An attitude geared towards resistance to change can be a big hindrance. Attempts to alter established practices may be perceived as threats by the old timers in the organization. They generally tend to resist introduction of most of the changes, which disrupt their comfort level. This resistance proves to be a big deterrent for the promoters to go ahead & adapt to the latest practices even at the cost of losing an opportunity.

Fund Raising Capabilities of the Business

Financial institutes & Institutional Investors prefer to invest in organizations, which have a structural way of working, and are free from any adhocism in decision making. The conflict or differences amongst the family members can adversely affect the prospects of business & the safety & security of the invested amount.
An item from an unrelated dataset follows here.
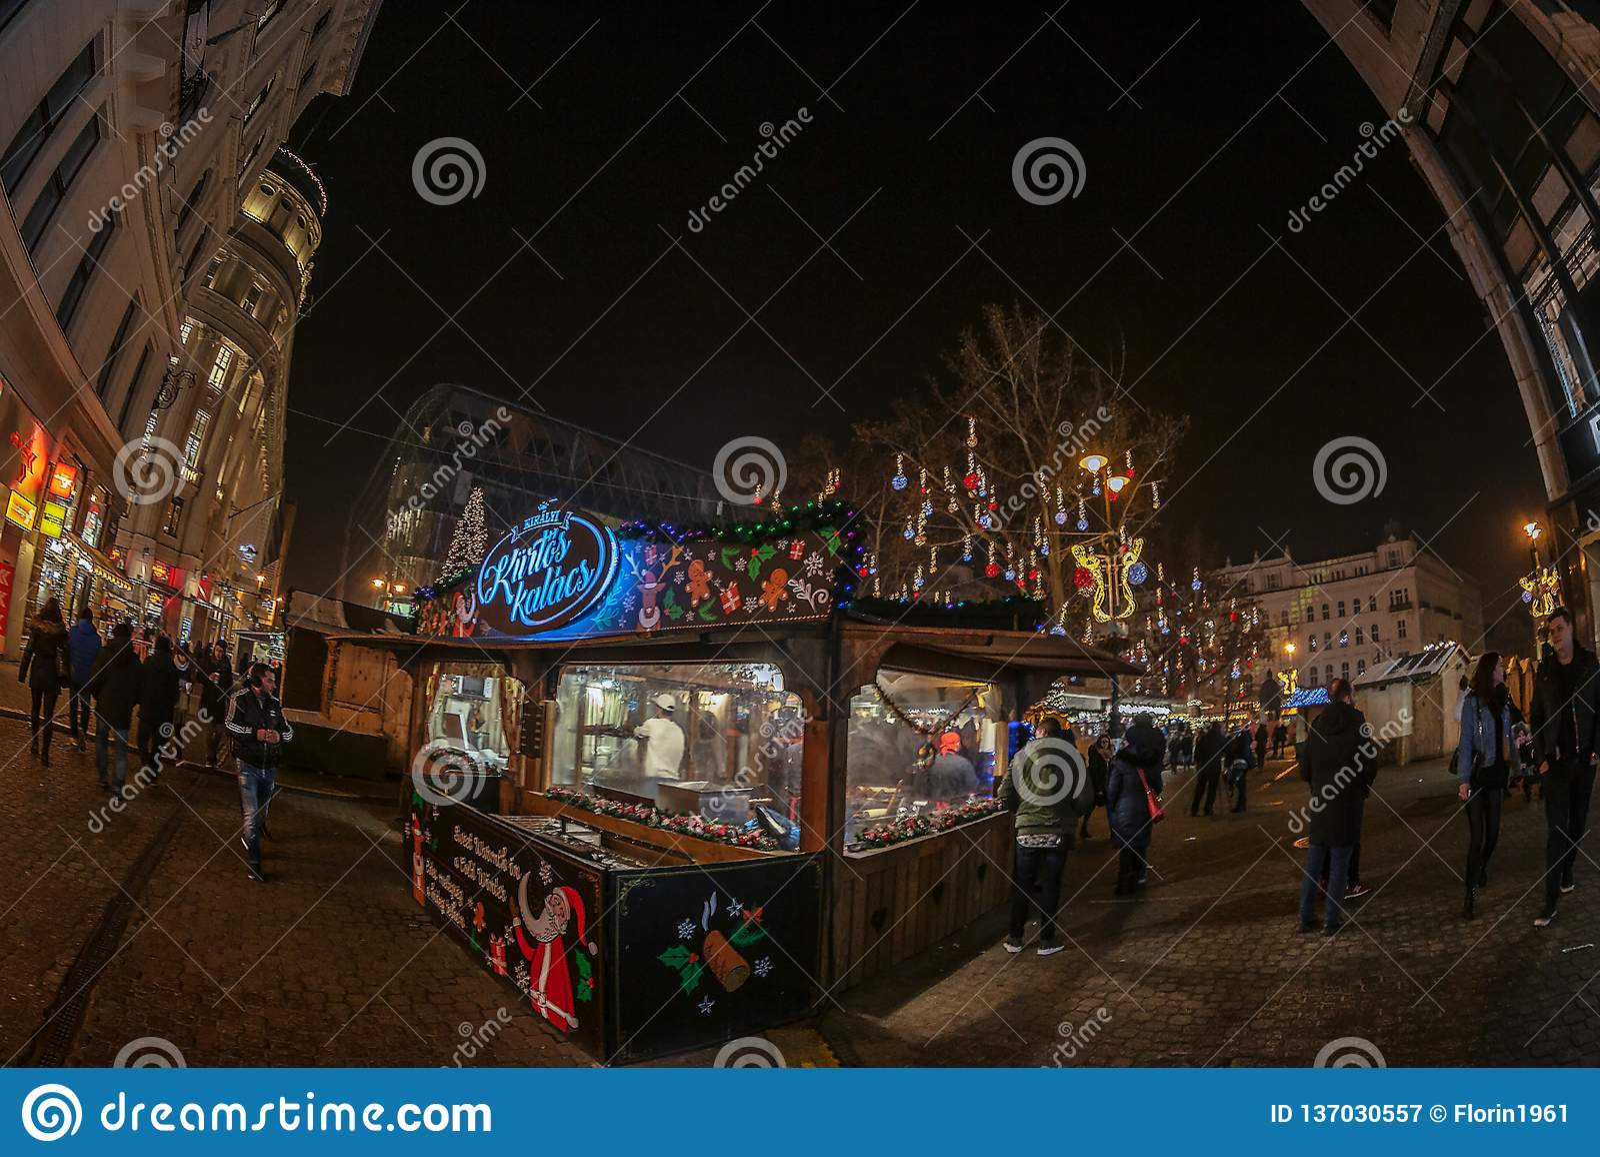 Budapest Christmas Market 2018.Christmas Market In Budapest Hungary Editorial Photography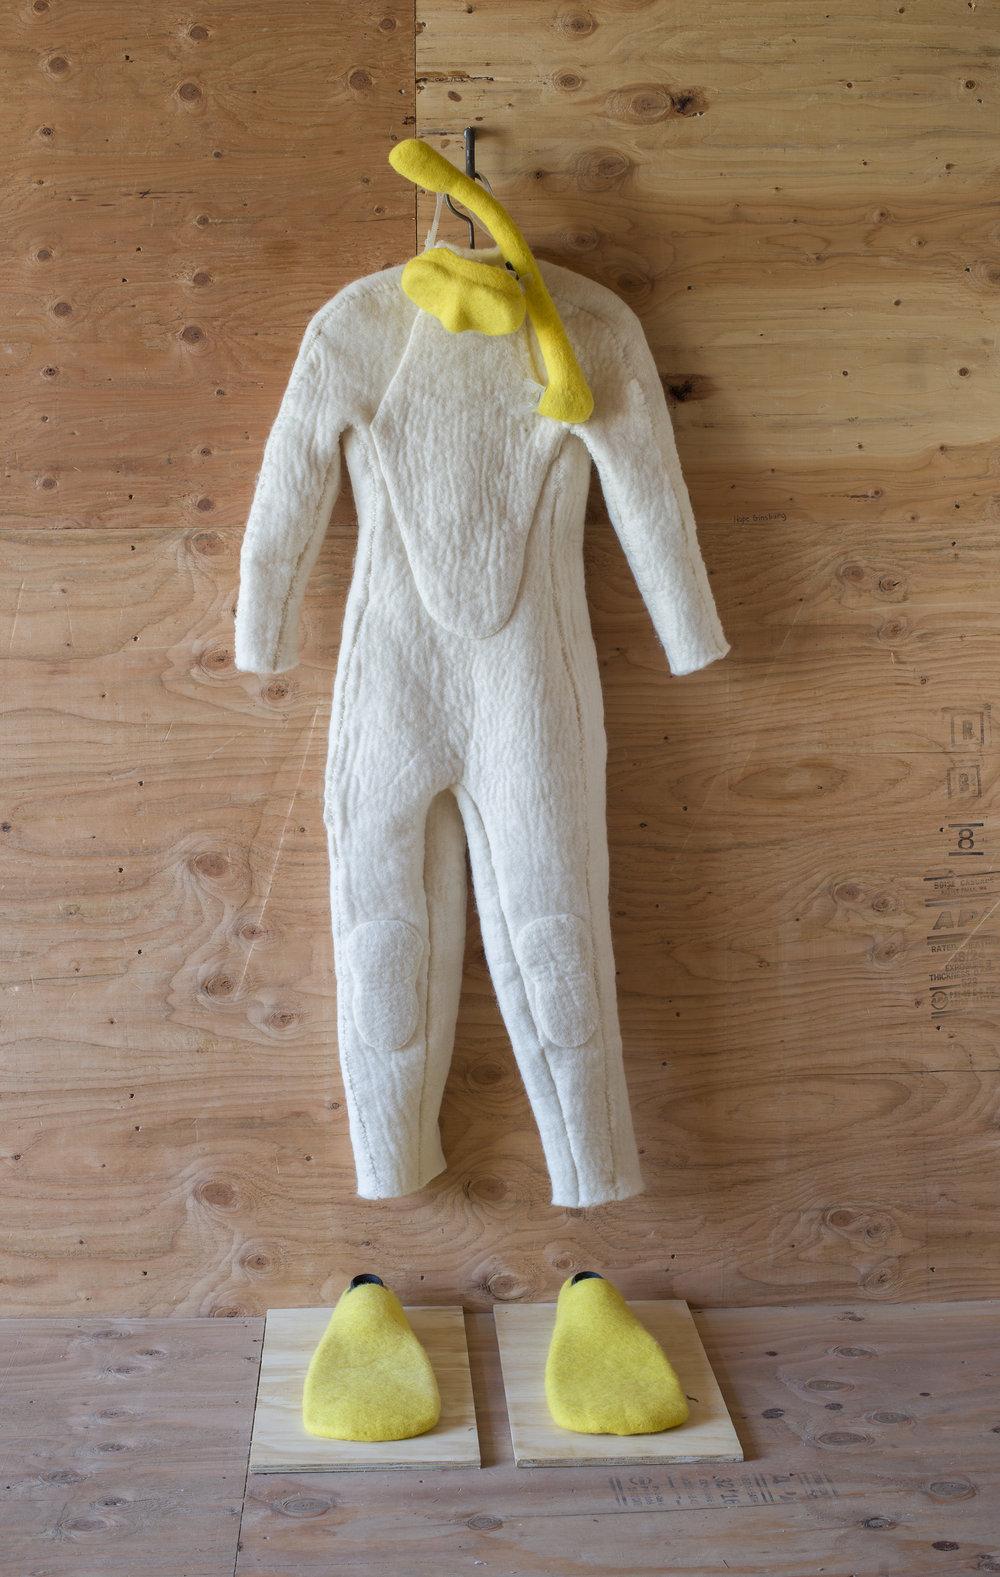 HG-Felt Suit-1 2500.jpg

The Way Forward for a Family Managed Real Estate Company:

With so much of structural changes in the economy, it has become imperative for businesses to become as formalized as possible. This is specifically pertinent in the context of one of the most important and very critical sectors of the economy i.e. Real Estate.

Due to various new enactments like RERA, Demonetization, Introduction of GST, & the Business Potential created by huge push to Housing For All, the Real Estate Sector is going to witness the next round of consolidation shortly.

Also, with the increasing number of family members getting involved in businesses, more complex issues within the family may arise, which can harm the business in the long run. In this case corporate governance can bring the much-required ‘structure’ within the business and the family.

The sector in the current ecosystem will remain sustainable only if it introduces benchmarked HR Practices, overcoming the above stated limitations of the various existing practices followed in a family driven business set-up. This will enable the sector to attract the best of the talent from the market. The HR can play a very critical role; not only in attracting good talent but also in aligning and re-aligning the work force in tune with market dynamics, retaining them, and rewarding them in a very sustainable manner.

The introduction & implementation of the best HR policies can bring in enhanced transparency in the expectation level, setting out clearly defined KRAs, roles and responsibilities, the formal channels of hierarchy, regular evaluation of performance and rewards and so on. All of this can completely turn around the work environment and bring in great additional value to all the stakeholders of the business: Owners, Employees, Vendors & The Customers.Thus, the need for the Real Estate Sector is to enforce the much-needed transformational change and effectuate a shift from a ‘Family/Owner Driven to a Corporate Governed Organization.’